“Debt is the fatal disease of republics, the first thing and the mightiest to undermine governments and corrupt the people.”
UK observers could be forgiven for interpreting the current market weakness as concern over Brexit: another day, another raft of challenging headlines to cope with.
But the malaise in markets is much broader and deeper than our parochial concerns about withdrawing from the European Union. Meanwhile, although personal sector debt is much better under control since 2009, the rising level of UK Government debt still leaves us exposed to major downturns, notwithstanding eight years of austerity.
This week we look at some of these wider influences, and the challenge they present to international stability.
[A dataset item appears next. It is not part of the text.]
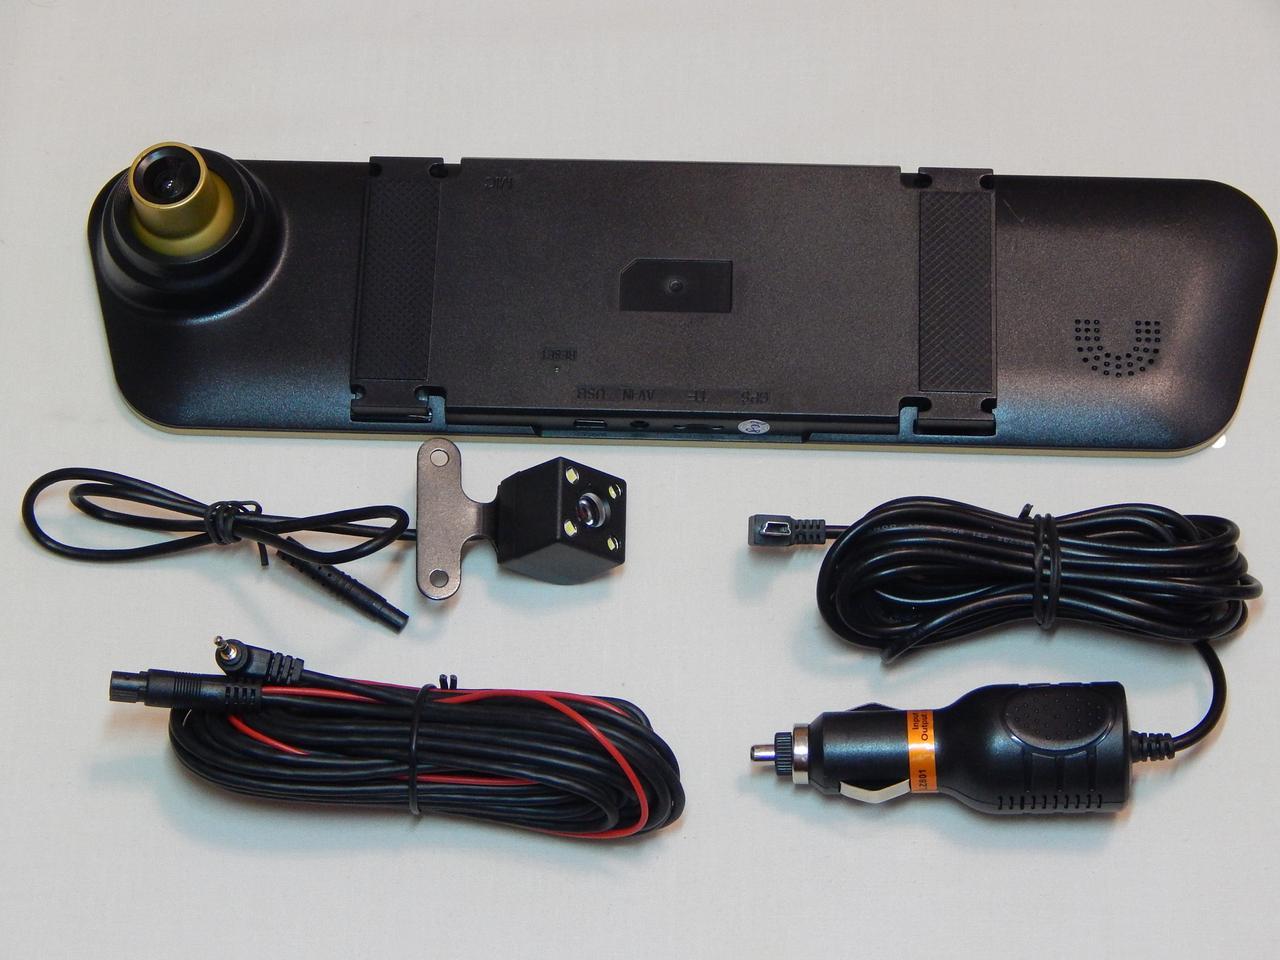 Дзеркало-відеореєстратор ZIRY 4.3 TFT подвійна камера + картка пам'яті 16 Gb

Last week the FTSE-100 closed at 6,952.86, well below 7000, below levels seen in May 2015, and not far off the 6724.60 which it reached just before Christmas 1999: nearly 19 years ago. It’s recovered slightly following EU approval of the Withdrawal agreement: but if the 10% recent fall in share prices leaves you feeling despondent, spare a thought for the Chinese - whose market has fallen 20%. Or for the price of oil which has come back over 25%. Or for the tumbling fortunes of Bitcoin holders, which is the lead subject for This Is Money this week. Even the tech giants are seeing serious erosion of their massive market capitalisations (Daily Telegraph 21/11/18: ‘Tech giants in $1 trillion wipeout as rout widens’).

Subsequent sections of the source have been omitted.